Rota, Spain; Day 23

Today our Adventurers took to the road again on a trip through the SW Spain countryside. Known as Andalucia, this area is known for many things, one of which is the Pueblos Blancos or ‘white villages’. They get their name from the whitewashed buildings that make up the towns – initially colored to keep the buildings cool and now done so for aesthetics. Many were once fortresses that stood between the Christian and Moorish territories so they sit nestled in the hills with dramatic views of the landscape.

Our 2 hour drive started with trying to figure out the cruise control on the rental car. Lots of fiddling with the buttons didn’t yield results so Tiffany pulled out the manual to look it up. Then she pulled out Google Translate to read the Spanish instructions. Those didn’t actually help either, but more random pushing of buttons finally worked which was a big relief to the driver.

As we drove we passed by a number of the most famous Pueblos Blancos – they were often tucked away in the hills – striking white against the bright spring green and grey rocks. We also saw some interesting road signs but no Osborne Bulls.

We didn’t stop in any of these towns although they looked charming, we headed to a specific town called Ronda. In addition to being a white village, Ronda is famous for two other things; the Puente Nuevo (“New Bridge”) and the Bullfighting ring.

Our first stop was the Plaza de Toros. It is the oldest bullring in Spain and Ronda is sometimes credited with being the birthplace of modern bullfighting.

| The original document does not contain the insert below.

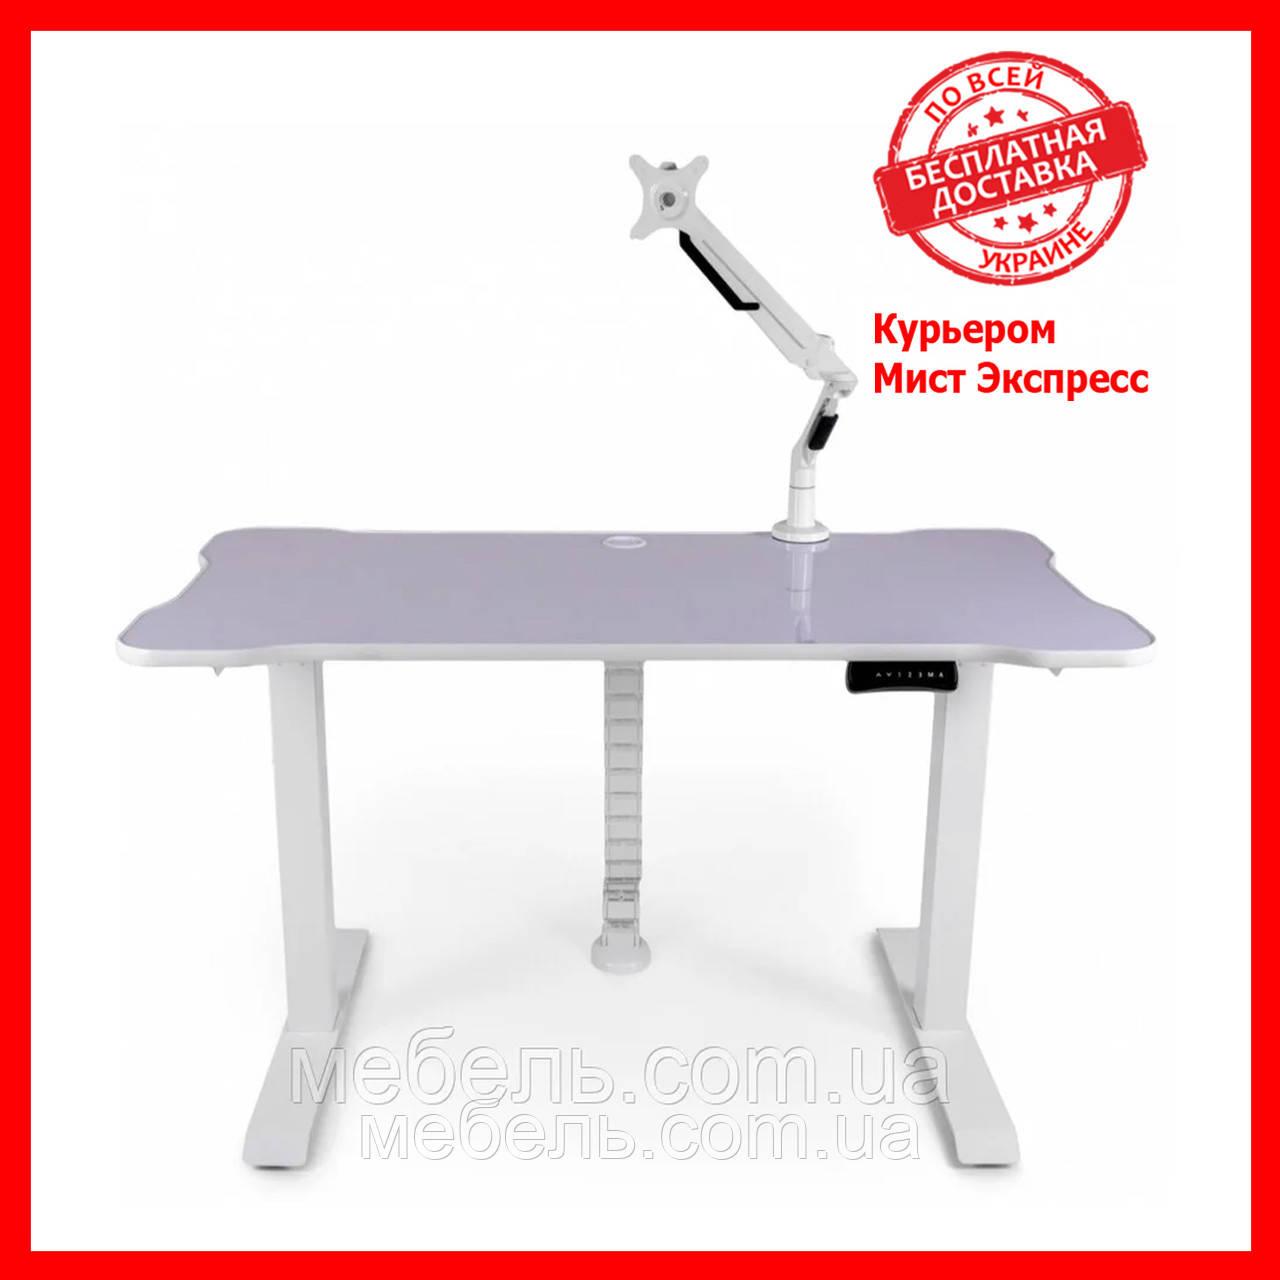 Компьютерный стол с кабель-менеджментом, кронштейном и подъёмным мех.Barsky BSUAW_el-01/BCM-02/BF-02

3 Adventurers in the Ronda ring

Built in the 1780’s it seats about 5,000 which is not that large, but the ring itself it quite big. We were all a bit turned off by the notion of bullfighting for real – it seems cruel – so we debated about whether we should see the site. In the end, the history of the structure and the museums won out. Hopefully our entrance fee will encourage them to make money from tours rather than fights.

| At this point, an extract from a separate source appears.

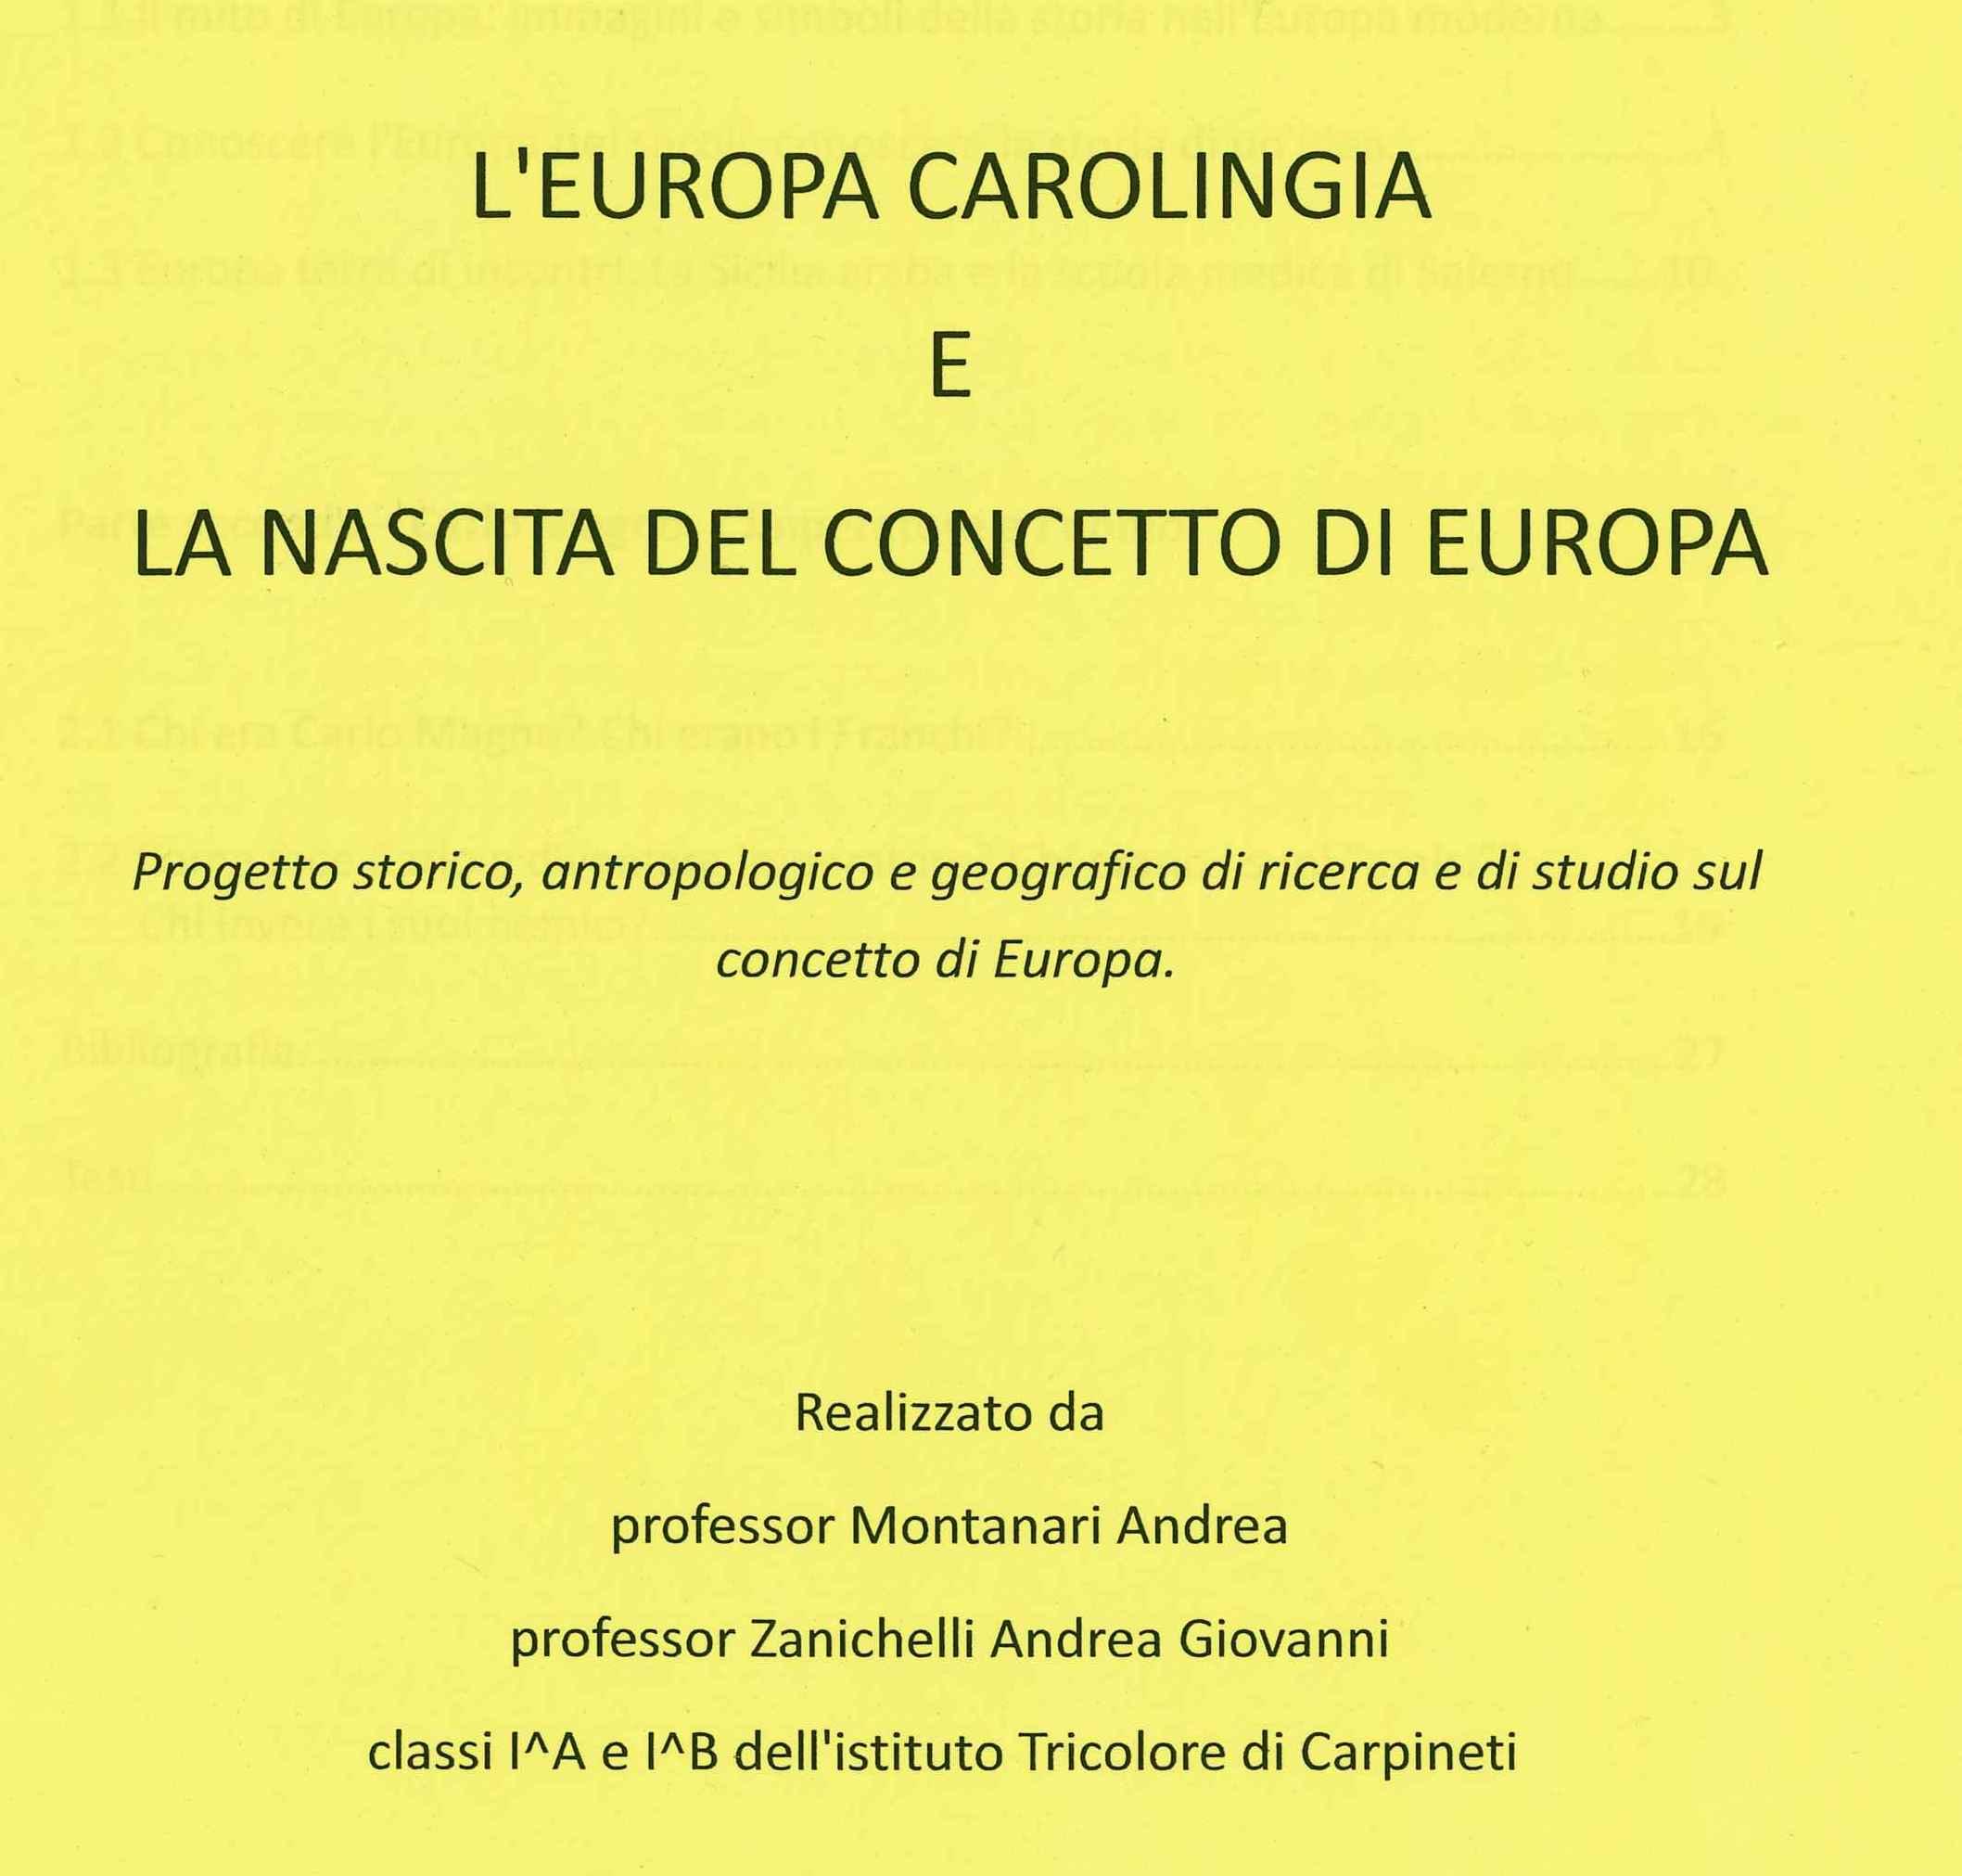 L'Europa carolingia e la nascita del concetto Europa

One of the interesting things in the museum was the display of posters advertising upcoming bullfights. These posters were the first form of commercial art and attracted famous artists such as Salvador Dali and Pablo Picasso. See if you can pick out Picasso’s from the three we snapped pics of.

We did a quick stop at the overlook next to the plaza – Ronda is on top of the mountain so there are gorgeous views everywhere.

Next we headed over to the Puente Nuevo or the ‘new bridge’. Of course that’s relative – it was completed in 1793 so it is only new in comparison to the other 2 bridges that cross the 390 feet deep gorge that divides the city.

The bridge was designed by the same architect that did the bullring and is a great example of 18th century engineering and of integrating architecture into the environment. It is often listed as one of the most beautiful bridges in Europe. We were certainly impressed.

Puente Nuevo in Rhonda

We spent at least an hour exploring the different areas of the bridge – taking in the view, snapping pictures, visiting the small museum in the middle section and hiking down to the bottom. It was well worth the 4 hour round trip drive.

We found a lunch spot overlooking the gorge for a quick bit to eat. Gazpacho and classic Serrano ham and melon started things off right.

From there it was lots of wandering the old part of the city which traded hands between the Moors, Visigoths and Christians for hundreds of years.

Our day ended with a drive back through the same beautiful countryside. We didn’t make it quite to the end of our audiobook (The Tale of Despereaux) so we finished the last 20 minutes back at the apartment.